In 1952, Mantle played his first full season with the New York Yankees and left an indelible mark on baseball. He hit 23 home runs and knocked in 94 runs. By the time he retired in 1968 he was a 20 time all-star and seven time World Series champions.
Canadian Hero Paul Henderson's 1972 Jersey Sold For $1.275 Million
Paul Henderson is probably the least recognizable name you'll see on this list. His 1972 jersey, however, lives in sports history after his hockey heroics in Canada's "Summit Series" against the USSR. Henderson scored the winning goals for Canada in the final three games, turning him into a national legend.
One of his most dramatic goals in the series came with 34 seconds left. The historic jersey Henderson wore during the series sold for $1.275 million in 2012. You might not know the man behind the jersey, but now you know the legend he became!
The Bat That Hit Babe Ruth's First Home Run Sold For $1.265 million
Here's Babe Ruth again; this time with one of his most historic bats. This bat, which sold for $1.265 million in 2004 was used to hit his first home run as a Yankee at Yankee Stadium. While it might not be the bat he hit number 715 with, it is still considered more valuable.
Ruth started his career as with the Boston Red Sox, before ending up in pinstripes and cursing New England. Adding insult to injury, the Red Sox broke the "Curse of the Bambino" in 2004, the same year this bat was auctioned off by Sotheby's.
The Sheffield Football Club Rule, Regulations, And Laws Cost A Player's Salary To Obtain
We're not talking American football with this one. Sheffield Football Club (FC) is the oldest active soccer team in the world. In 1857, the FC published a book containing the sports' rules and regulations. It is believed to be the first official rules ever written. It was sold by the team to raise funds in 2011 for $1.24 million.
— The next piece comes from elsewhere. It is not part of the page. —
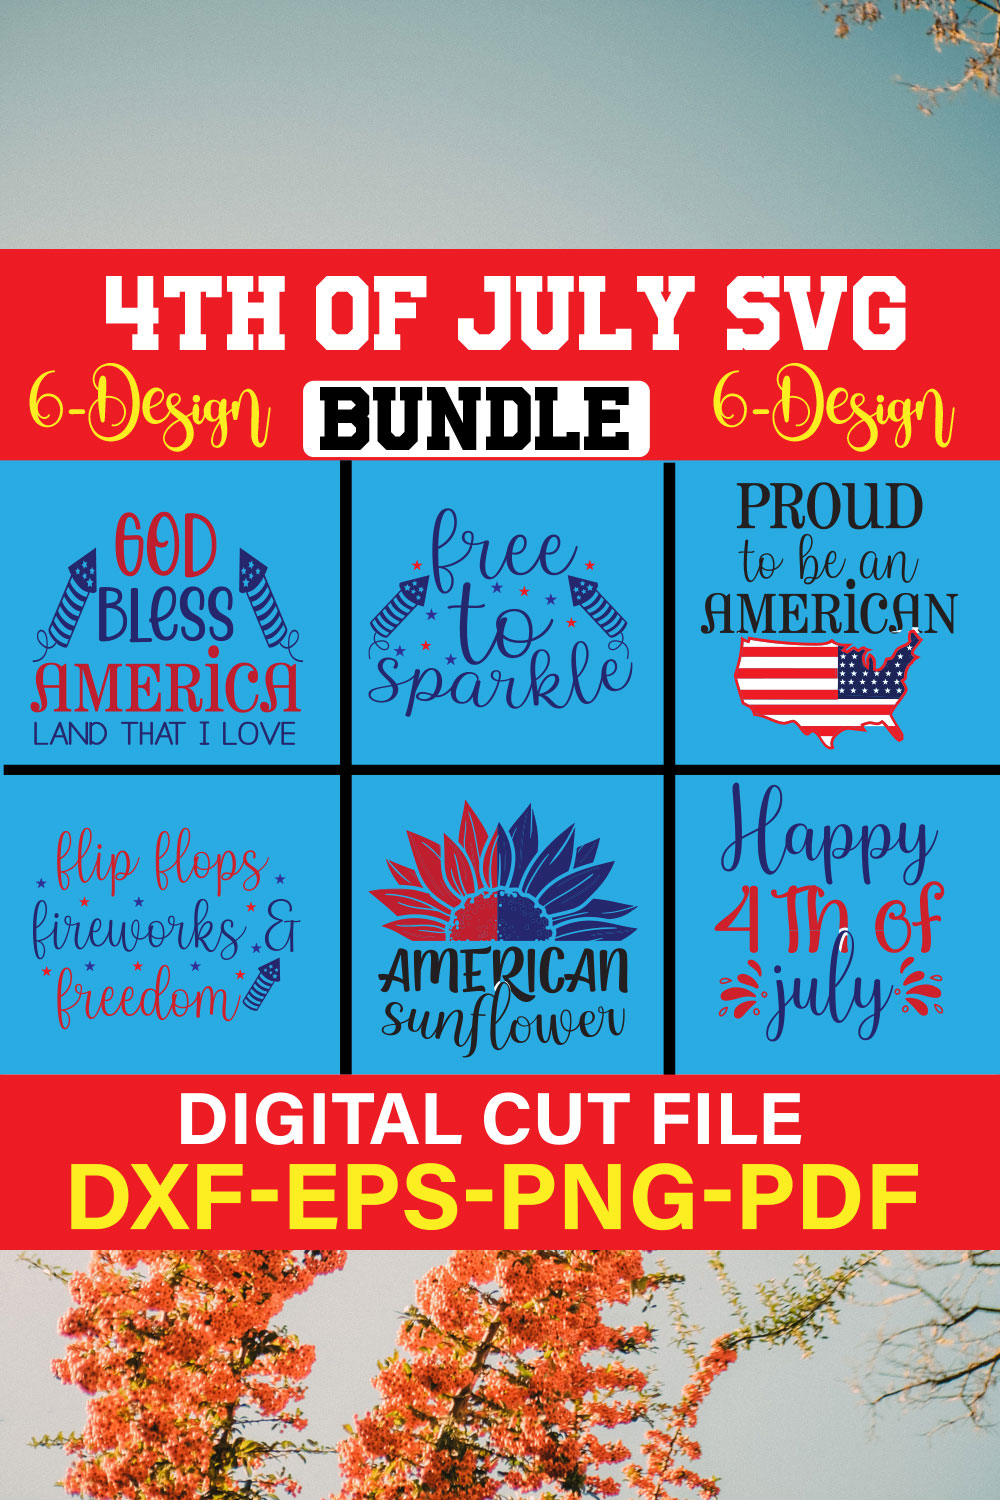 4th of July SVG Bundle Vol-1 pinterest preview image.

The rules were written one year after the football club formed, and many of the rules still stand today. A few of the rules that haven't changed in over 100 years including the illegal tripping and indirect free-kicks.
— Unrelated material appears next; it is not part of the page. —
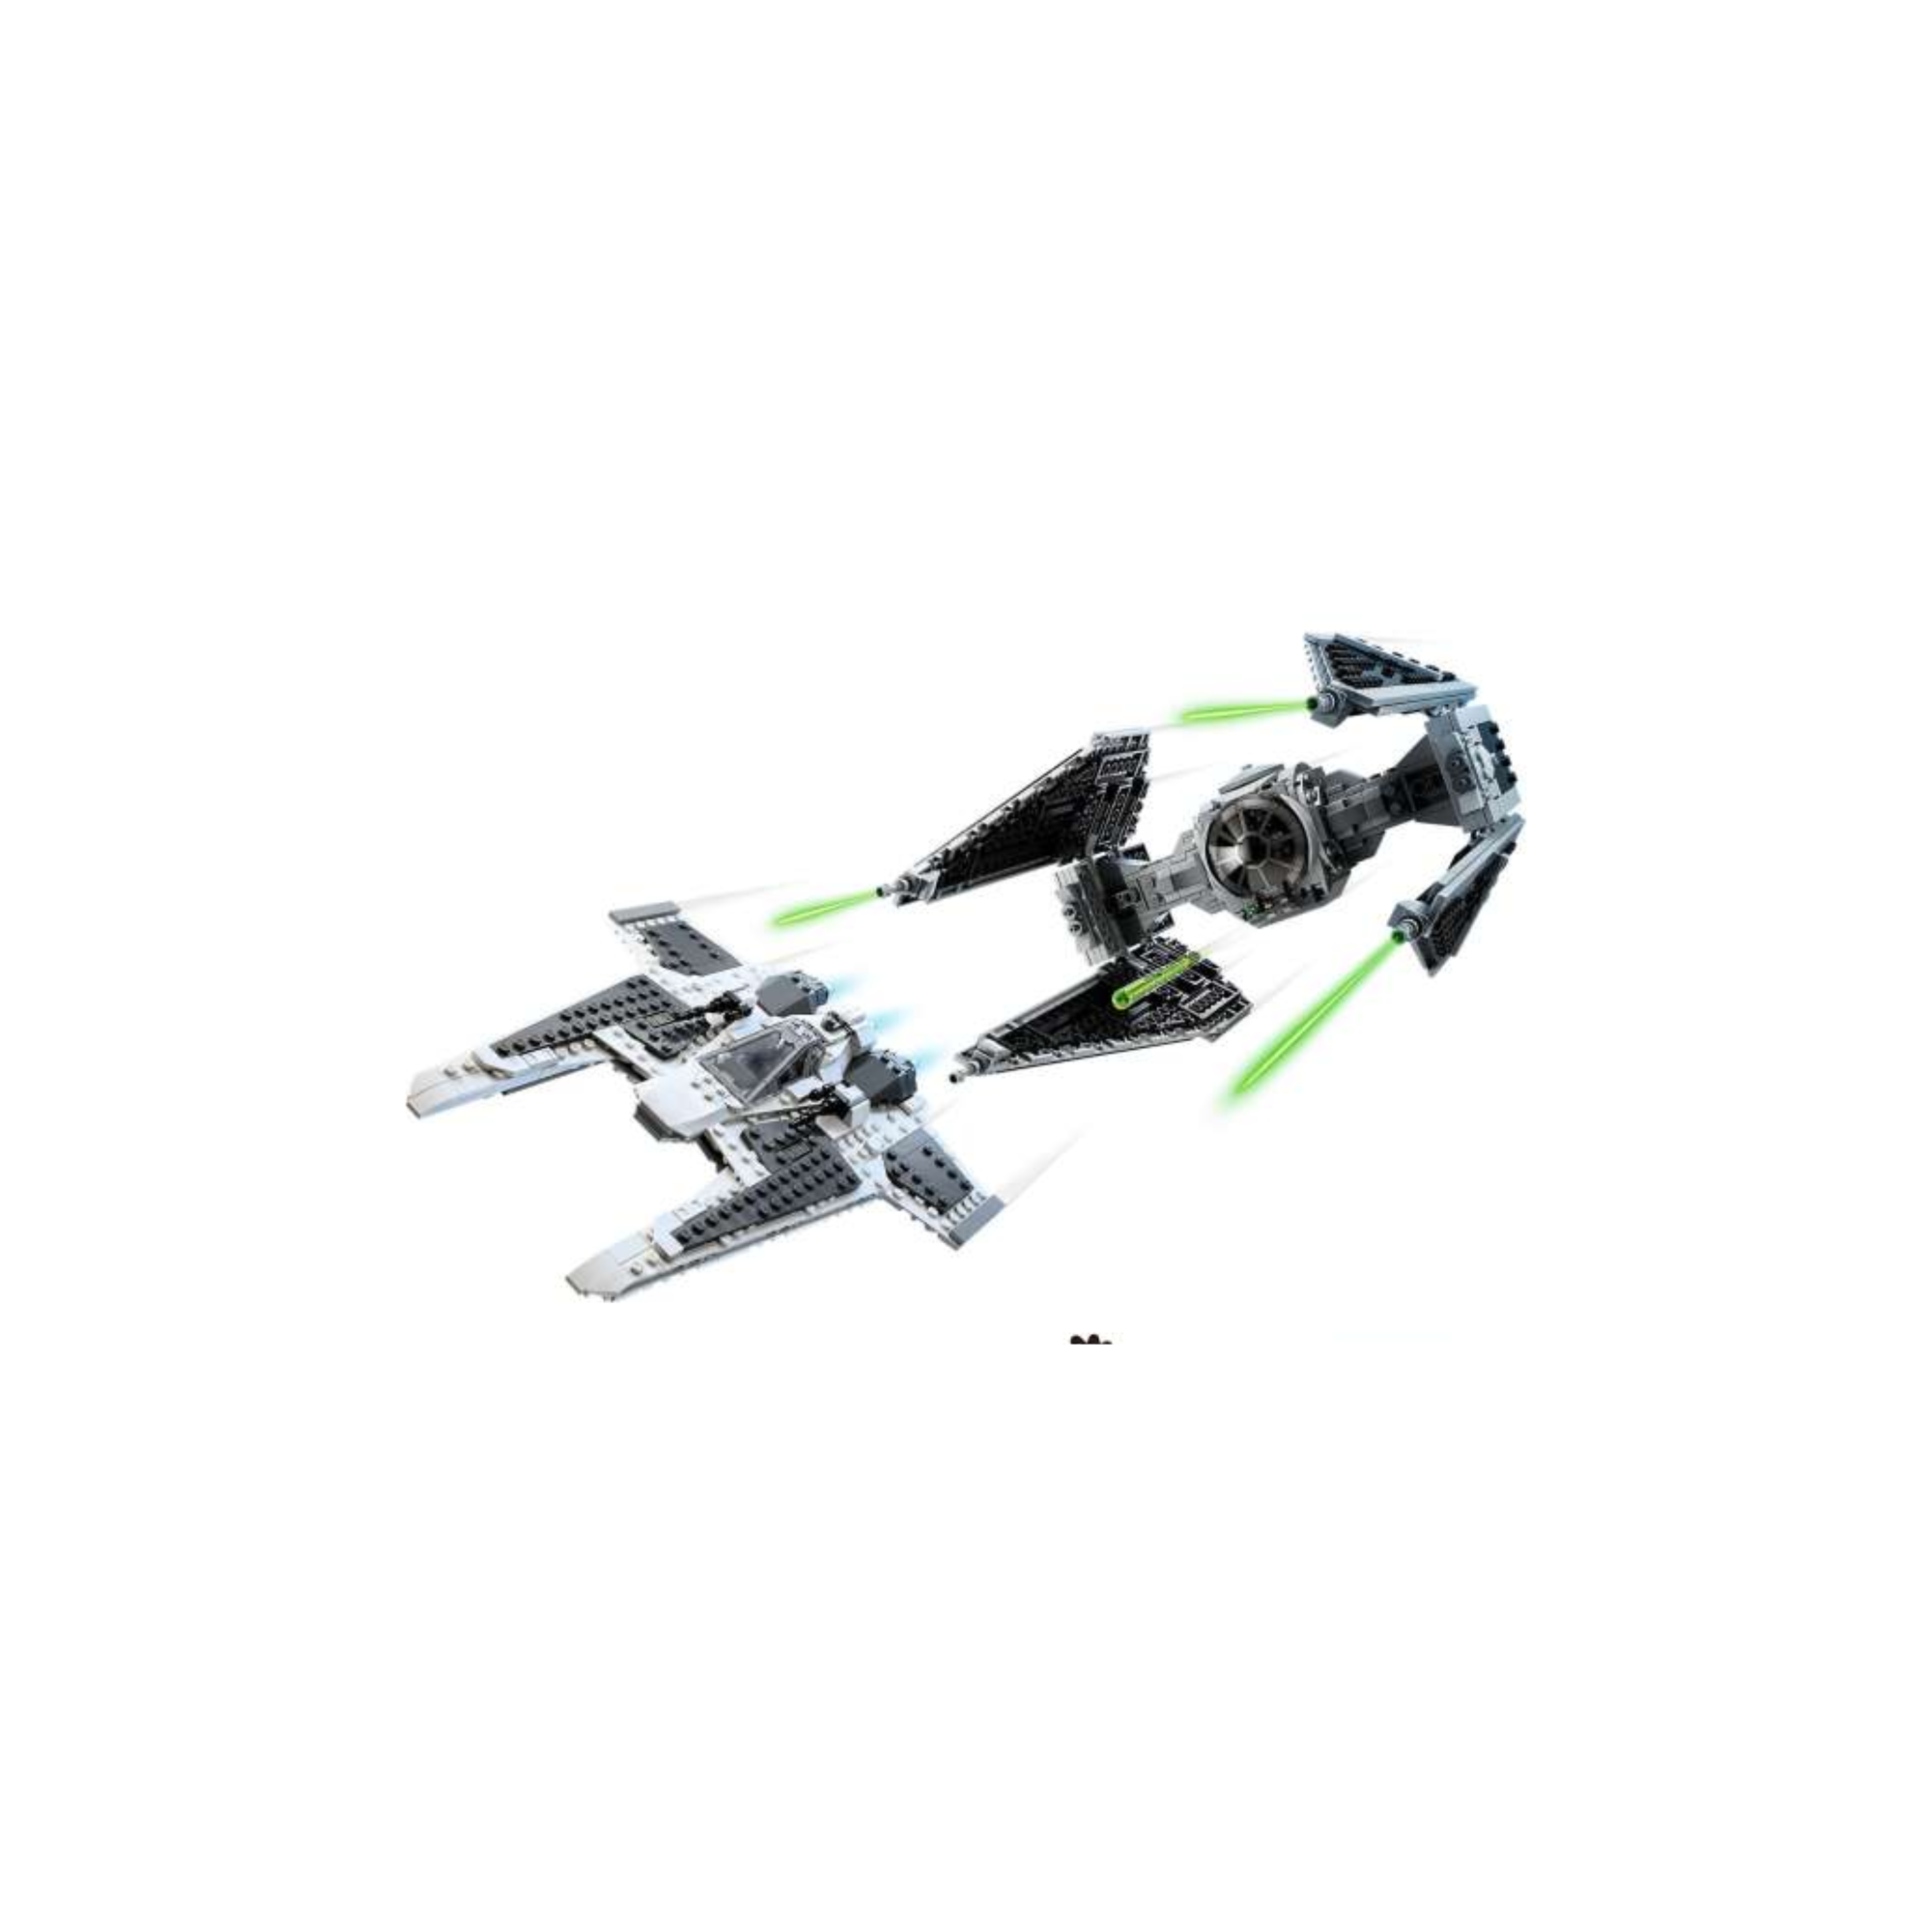 Lego Star Wars Mandalorian Fang Fighter vs TIE Interceptor

Muhammad Ali's 1965 Gloves Aren't His Most Valuable But Still Sold For Over $1.1 Million
Muhammad Ali fought Floyd Patterson in 1965. The gloves he wore during the iconic fight sold for $1.1 million in 2015. As it stands, the gloves are the most expensive piece of Ali memorabilia ever sold, but probably not the most valuable that ever will be.
According to analysts, if gloves from Ali's first fight with Joe Frazier, or the "Thrilla in Manilla," were ever put up for auction, they would far exceed the value of his Patterson fight ones.
Babe Ruth's First Yankees Contract Sold For Ten Times Its Value!
The Yankees bough the rights to Babe Ruth from the Boston Red Sox in 1919 for $100,000. When the owner of the contract privately sold it decades later, the final price was $996,000. That's an impressive return on investment for the former owner of the contract that made sports history!
At the time, however, the price to acquire Ruth was seen as ludicrous. Ruth rewarded the Yankees by hitting 54 home runs his first season and becoming, arguably, the greatest player in history. Even today, few MLB stars have come close to eclipsing what Ruth accomplished 100 years ago.
The First FA Cup Bid By Telephone Sold For $956,000
In 1997, the oldest version of the Football Association Challenge Cup was sold to a bidder by telephone for $956,000. The cup, one of four produced, was awarded to the winner of the tournament every year between 1896 and 1910.
Known more simply as the FA Cup, the tournament was founded in 1871 and is the most highly regarded competition in England. Currently, 736 teams are eligible to enter the competition. Arsenal has dominated in recent years and count a total of 12 up titles to their name.
The Jersey Babe Ruth Wore To Call His Shot In 1932 Sold For $940,000
During the 1932 World Series, Babe Ruth stepped up the plate with the score tied 4-4. Before he got into his batting stance, Ruth pointed into the stands. He proceeded to hit a home run to the exact spot in the crowd he had pointed to.
The jersey he wore when he called his shot sold decades later for $940,000. The gesture cemented Ruth's place as a cultural icon, and the sale of the jersey also proves that he might also be the most marketable athlete of all time. Imagine if he played today how many sponsorship deals he would have!
The First Home Run Hit During An All-Star Game Sold For Close To $1 Million
If you thought you were done hearing about how much Babe Ruth memorabilia has sold for, then we apologize. In 1933, Ruth became the first MLB star to hit a home run in the league's all-star game. The highly sought after piece of memorabilia eventually sold for $805,000.
Ruth hit two home runs in the game, but the first ball was the valuable one. The 1933 match was the first ever held by the league. It took place at Comiskey Park and drew a crowd of 49,000.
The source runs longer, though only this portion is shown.